Beginning with the line that has "Tipped Socks (Black/Champagne)" and ending with the line that has "Radha Krishna Hand", retype the entries below exactly, except for the pictures.

START Material for this exercise

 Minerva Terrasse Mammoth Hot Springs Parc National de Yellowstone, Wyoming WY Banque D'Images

END Material for this exercise
START Material for this exercise

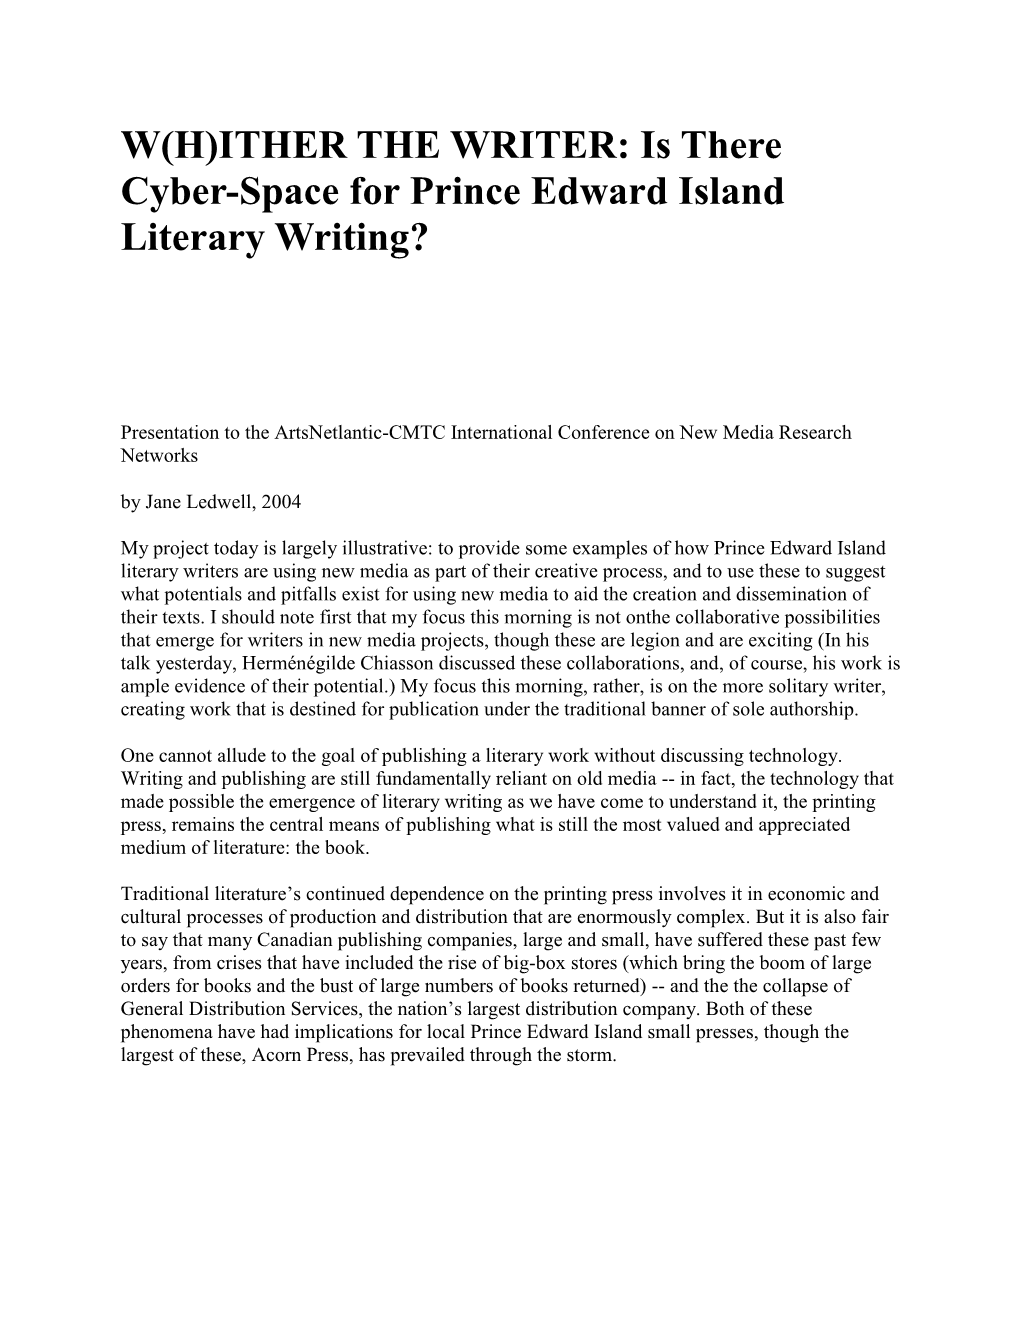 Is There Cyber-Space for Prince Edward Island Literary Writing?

END Material for this exercise
START Material for this exercise

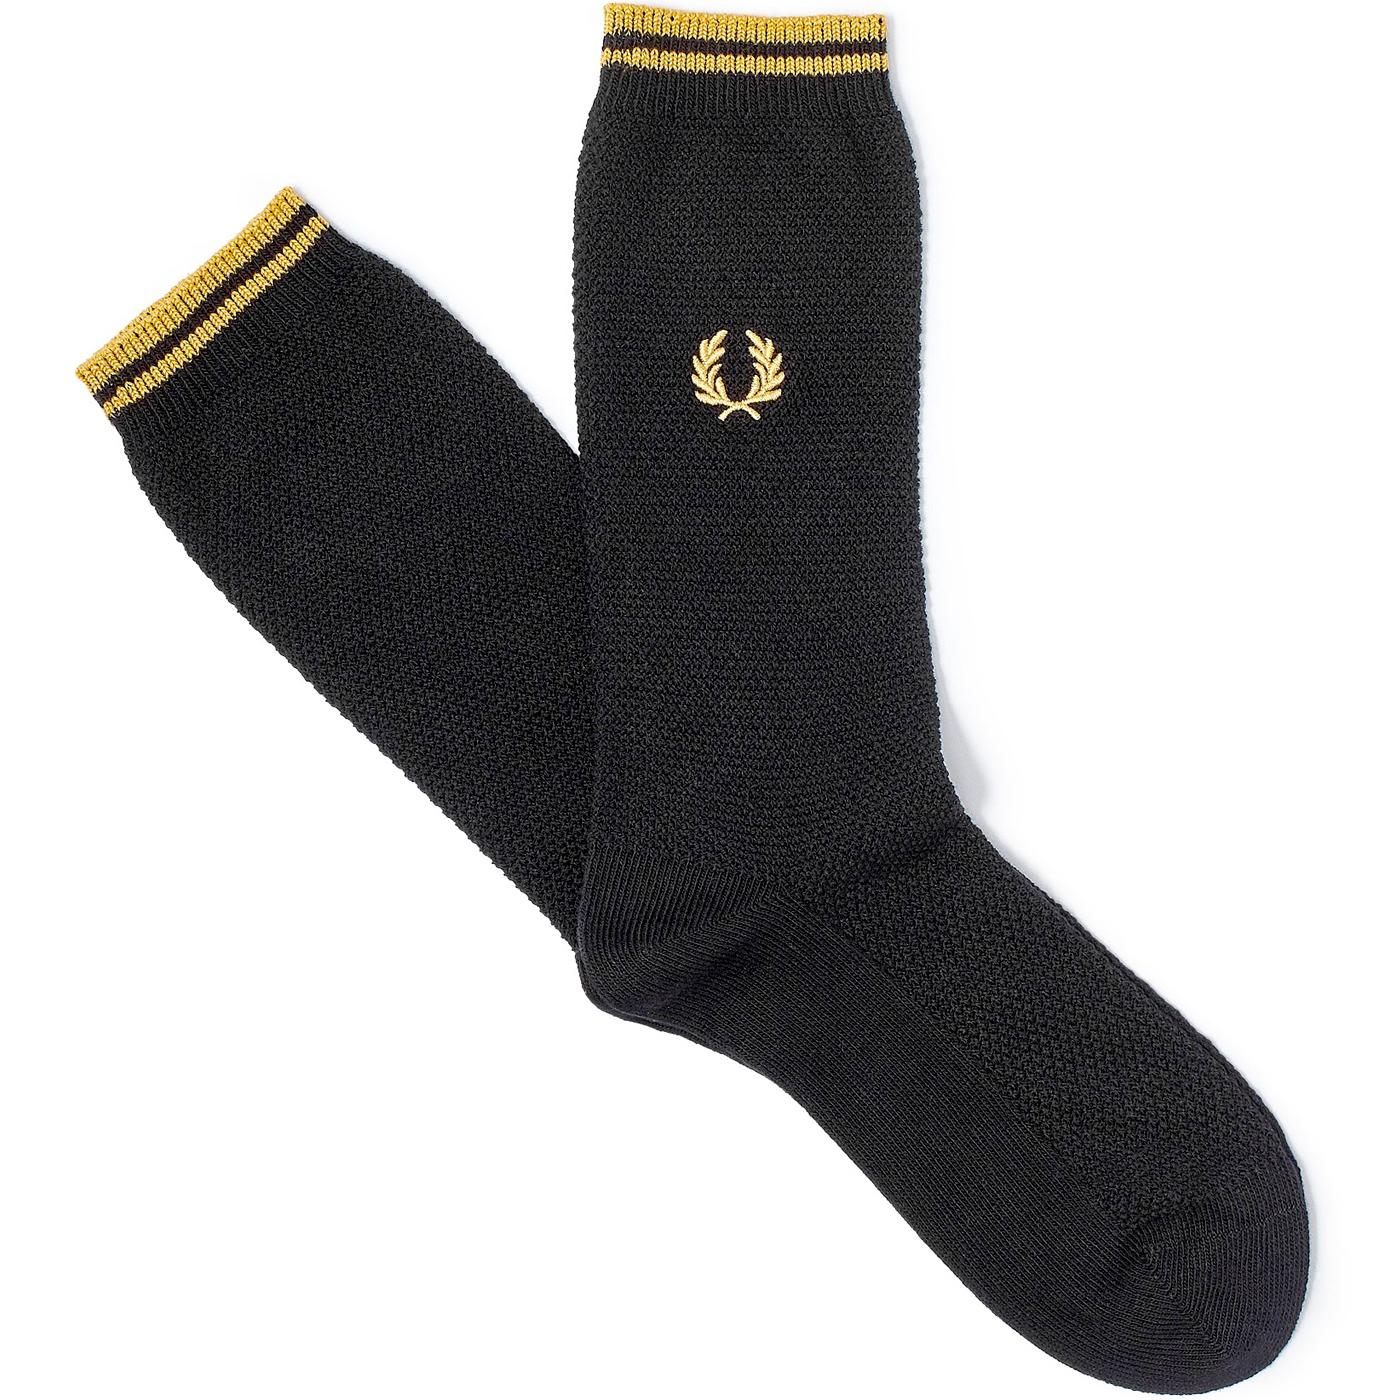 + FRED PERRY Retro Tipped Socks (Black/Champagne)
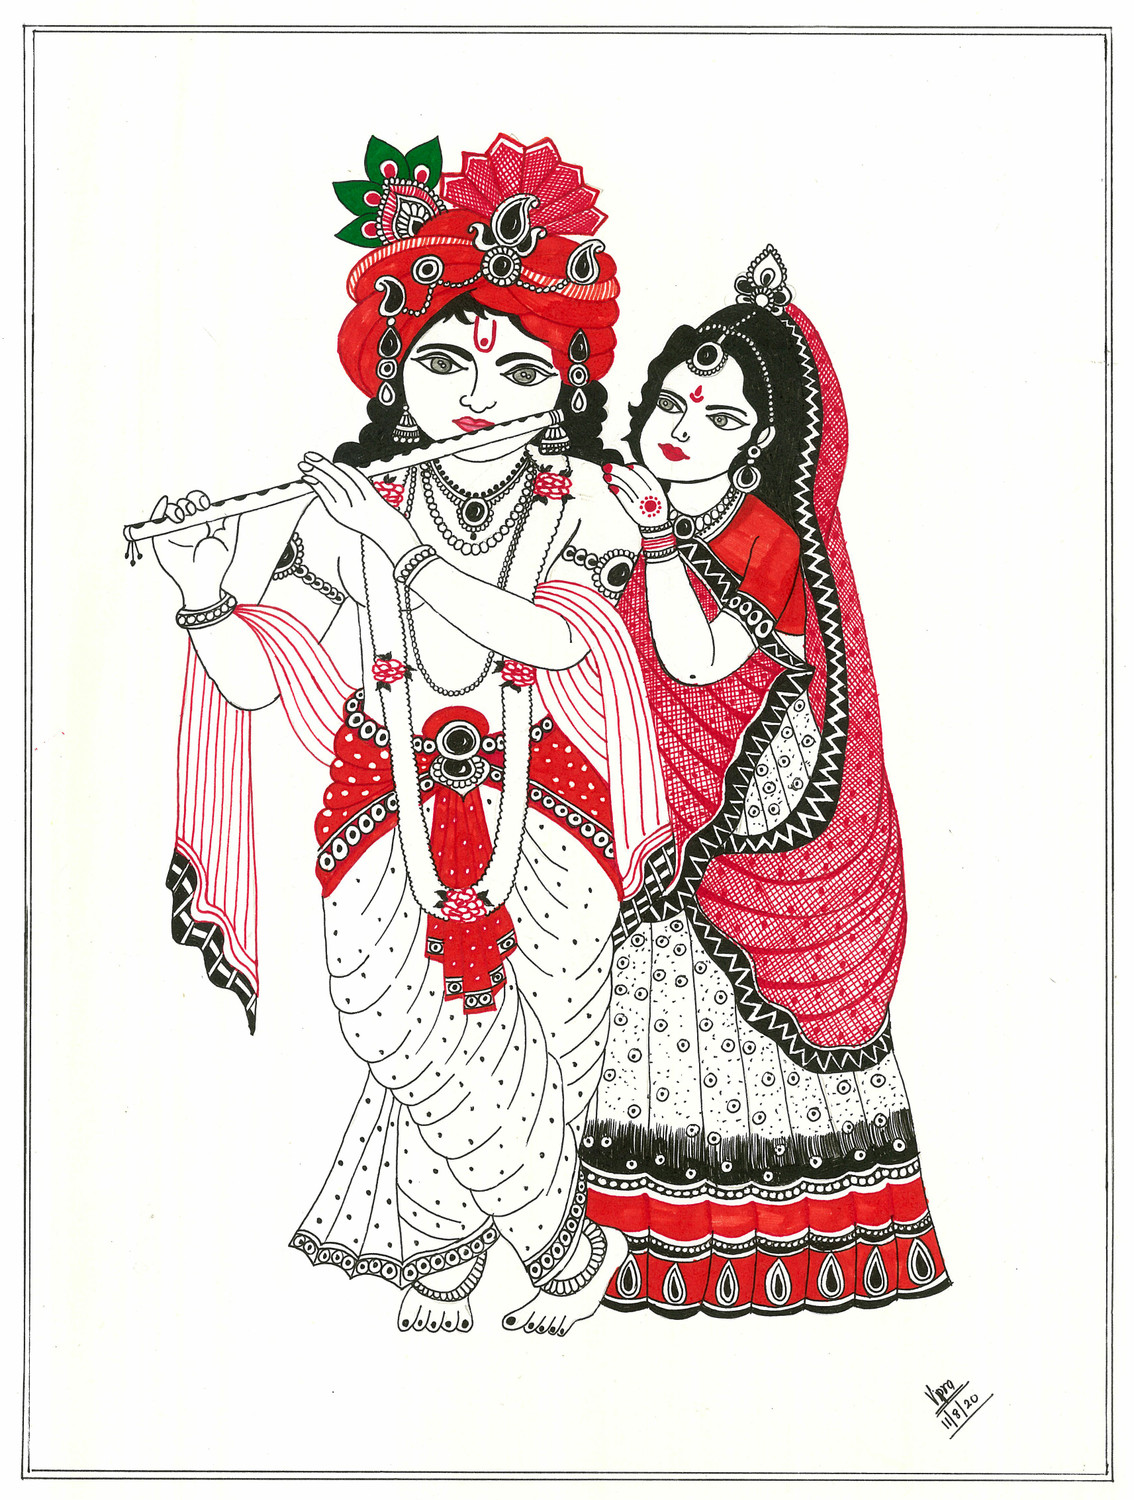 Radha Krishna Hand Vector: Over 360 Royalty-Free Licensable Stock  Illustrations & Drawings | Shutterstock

END Material for this exercise

## Response area
 + FRED PERRY Retro Tipped Socks (Black/Champagne)
 Radha Krishna Hand Vector: Over 360 Royalty-Free Licensable Stock  Illustrations & Drawings | Shutterstock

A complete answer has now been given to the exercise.